The school - whose alumni include powerful U.S. business and political leaders, including Secretary of State John Kerry - has said the charges do not reflect its culture.
The teen, who was 15 at the time of the attack and is now 16, has testified that when she accepted Labrie’s invitation, she expected to kiss, but that he became aggressive and forced himself on her.
Labrie has pleaded not guilty to three felony sexual assault charges, which each carry a sentence of up to 20 years in prison.
The school’s nurse, Mary Marcelli, testified that the teen had come to her office two days after the incident to request the morning-after contraceptive pill. In response to mandatory questions, the teen said that her encounter had been “consensual” but also appeared “anxious” and “teary-eyed,” Marcelli testified.
Defense attorney J.W. Carney, a well-known Boston lawyer whose clients have included mobster James “Whitey” Bulger, questioned the alleged victim repeatedly on inconsistencies between her testimony on Wednesday and what she had said in interviews with police shortly after the May 2014 incident.
“I’m sorry I was cloudy because I was traumatized,” the teen said.

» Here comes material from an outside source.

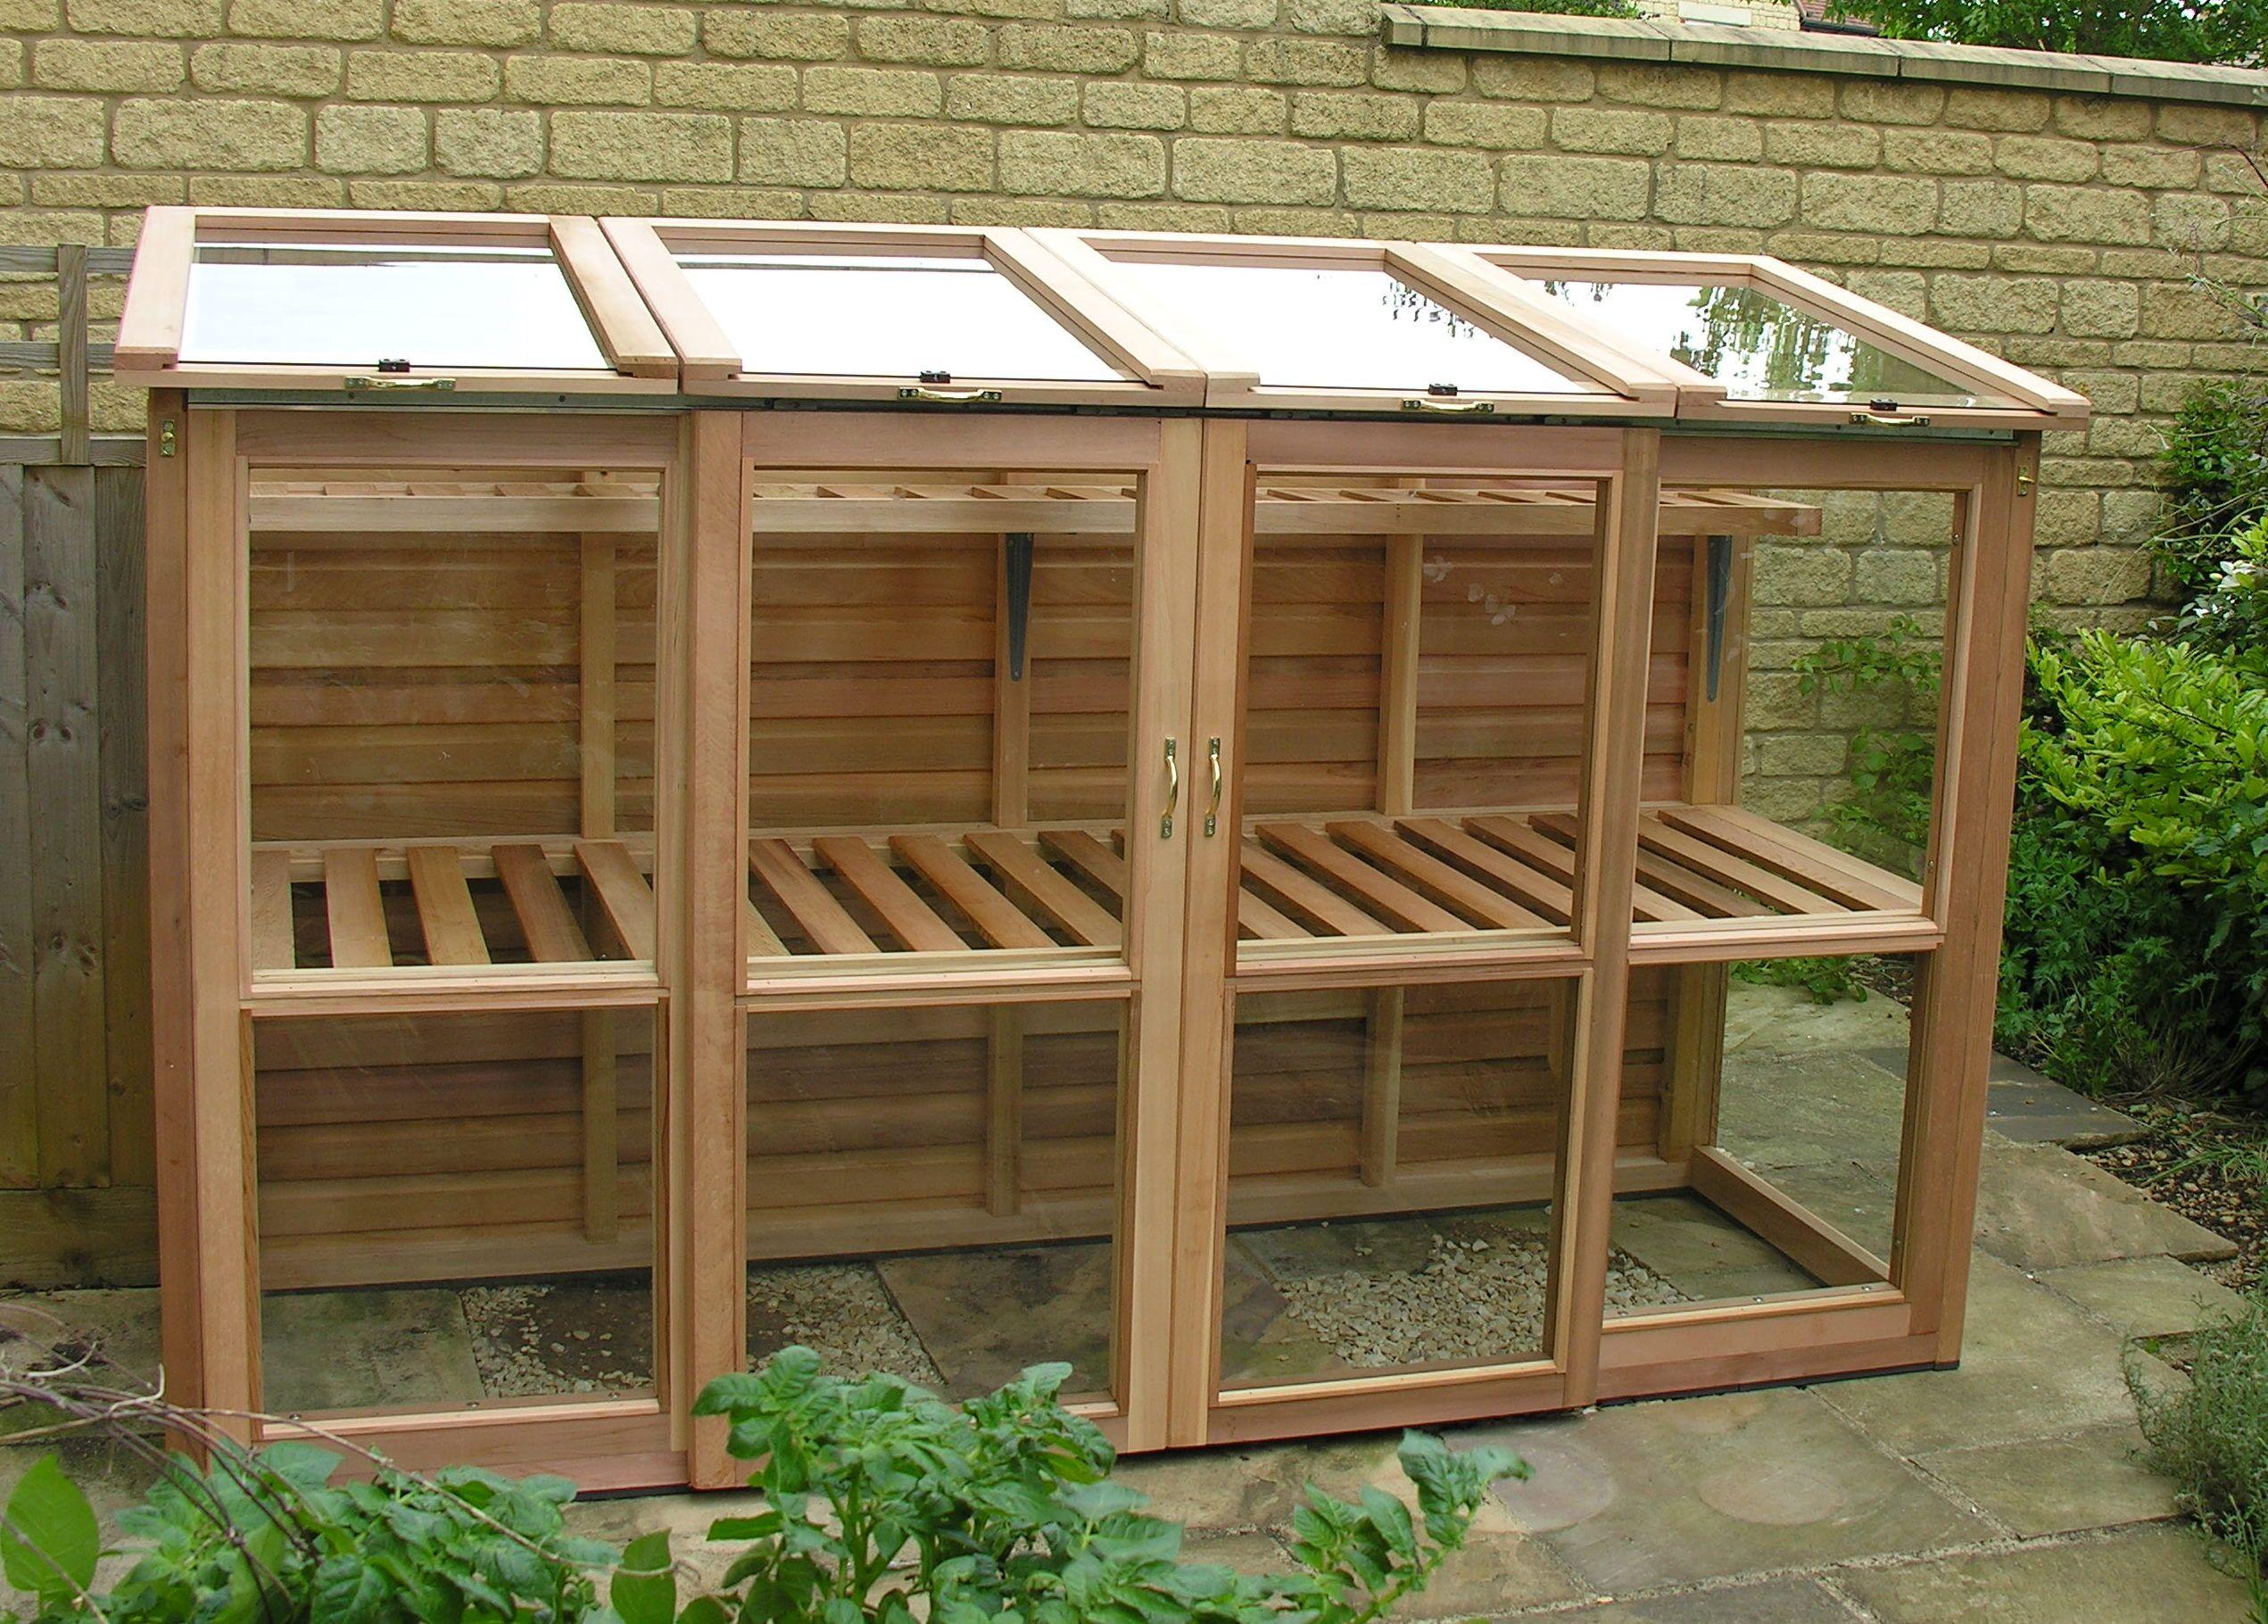 greenhouses at bramshall staffordshire england. Black Bedroom Furniture Sets. Home Design Ideas

Carney says the teen and Labrie had a consensual encounter that did not include sexual intercourse, following a friendly and sometimes flirtatious series of emails in which they discussed keeping the encounter secret.
The defense attorney pushed the teen to answer why she had told a detective she laughed at times during the encounter.
“Did you ever tell Owen Labrie if you’re laughing during the encounter, it doesn’t mean what to the rest of the world it means?” Carney asked. The teen explained it had been nervous laughter, ignoring Carney’s request for a “yes” or “no” answer.
“A ‘yes’ or ‘no’ answer would not do that justice,” she said.
Also called to the stand on Thursday were the teen’s mother, an emergency room nurse, and a doctor who examined the teen, as well as one of the teen’s closest friends.
The friend was questioned about statements she made to a detective early in the investigation that the accuser was willing to engage in certain sex acts with Labrie short of intercourse.
“She was talking about what might happen, and the furthest she would let it go,” said the friend, who like the accuser is a minor. The judge in the case has ordered that the names of minors testifying not be made public.